Spionage in den USA
Russische Hacker stehlen Daten über Donald Trump

Vor knapp einem Jahr infiltrierten zwei russische Hackergruppen die Computer der Demokraten und anderer Organisationen. Keine Überraschung: Russland will wissen, wer der neue mögliche Präsident Donald Trump ist.

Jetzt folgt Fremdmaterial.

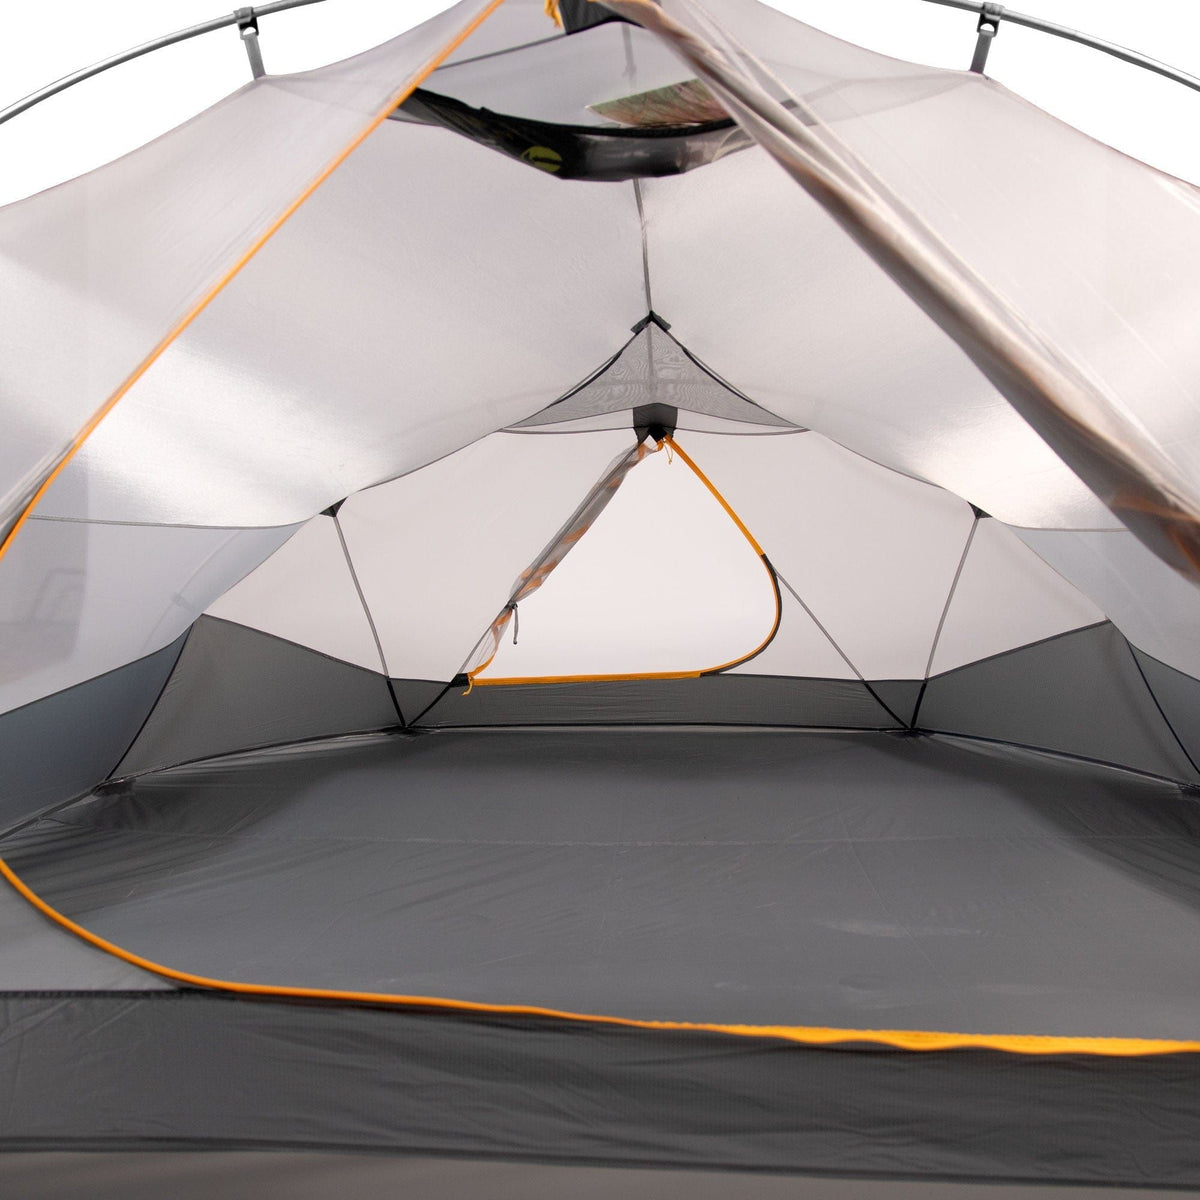 Klymit Maxfield Tents by Klymit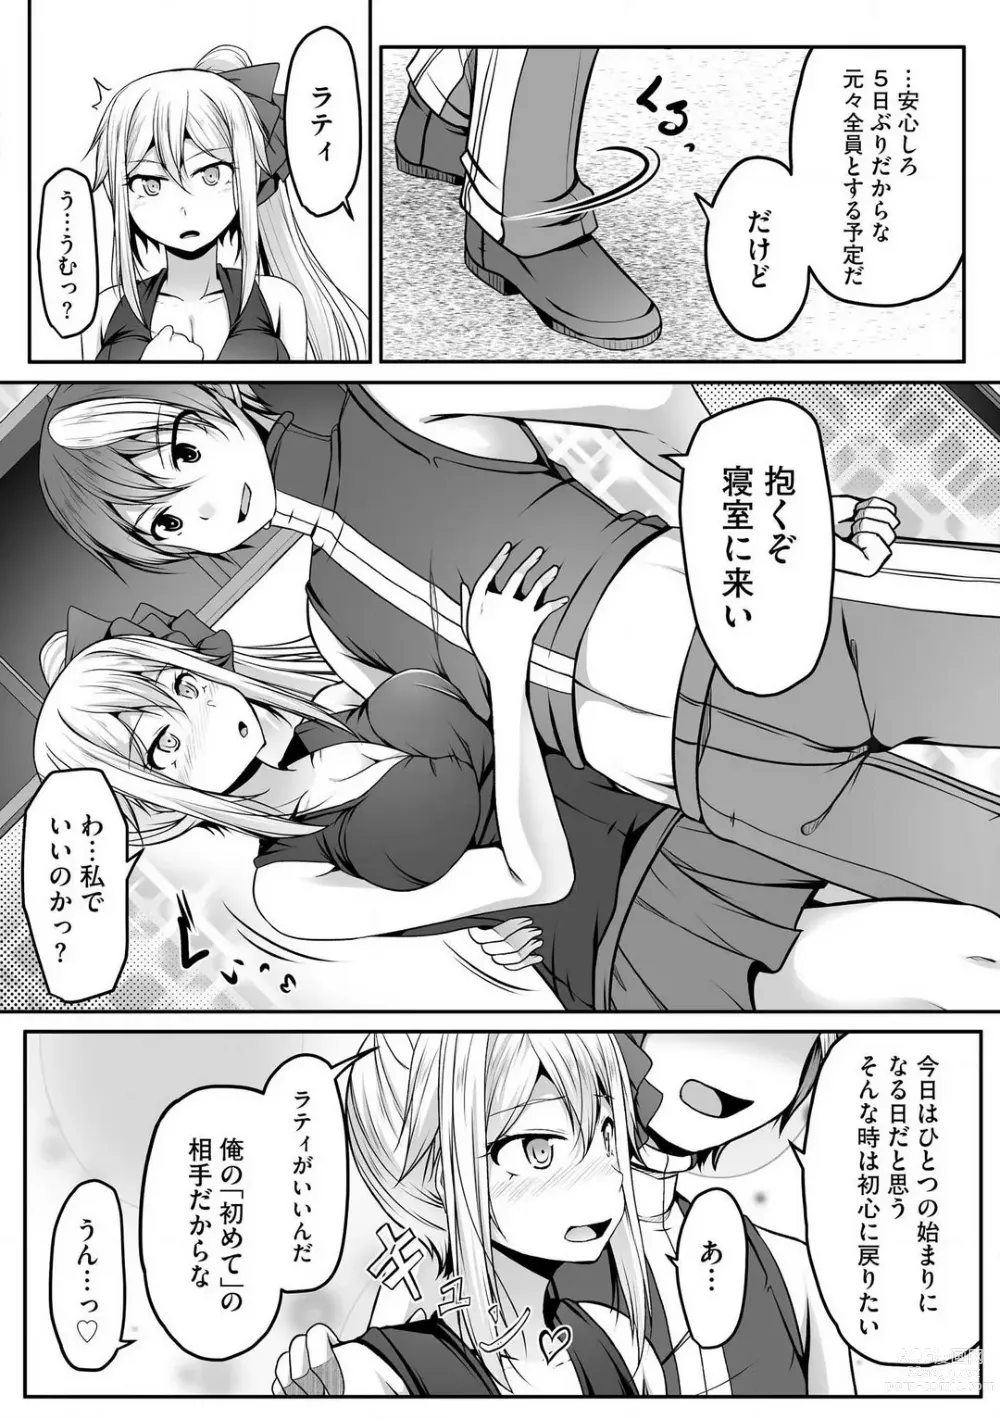 Page 350 of manga Cheat Skill Shihai

New YorkCozy Bear und Fancy Bear – so nannten amerikanische Computerexperten die Eindringlinge. Die Namen „Gemütlicher Bär“ und „Schicker Bär“ lassen schon ahnen, woher sie stammen: Aus Russland. Vor einem Jahr hackten sie sich in das Computernetz der Demokratischen Partei (DNC), um Emails zu lesen oder Dateien über Donald Trump zu stehlen. Darin ist sicherlich einiges Interessantes verborgen, Trump ist der Präsidentschaftskandidat für die gegnerische Republikanische Partei.

Entdeckt wurden die Hacker laut Informationen der „Washington Post“ bereits im vergangenen April beim jährlichen Computercheck. Die DNC heuerte die Sicherheitsfirma Crowdstrike an. „Die Sicherheit unseres System ist kritisch für unser Tagesgeschäft und das Vertrauen der Wahlkampfkampagne und der Landesparteien“, sagte Debbie Wassermann, Vorsitzende der DNC.

Die US-Firma beobachtete eine Zeit lang die Eindringlinge, um mehr über ihre Herkunft zu erfahren. Danach wird Fancy Bear dem russischen Militärgeheimdienst GRU zugeordnet. Die Gruppe stahl zwei Rechercheordner über Trump. Über die Herkunft von Cozy Bear sind sich die Experten von Crowdstrike nicht ganz so sicher, sie ordnen sie dem russischen Geheimdienst FSB zu.

Beide Hackergruppen schienen laut Crowdstrike unabhängig voneinander zu arbeiten. Cozy Bear drang im Sommer 2015 in das Netz ein und las heimlich alle Emails oder Chats mit. In den USA sind sie keine Unbekannte, sie knackten 2014 bereits das Email-System des Weißen Hauses und des Außenministeriums. Allerdings bekamen sie damals nur die als nicht geheim eingestuften Emails zu lesen.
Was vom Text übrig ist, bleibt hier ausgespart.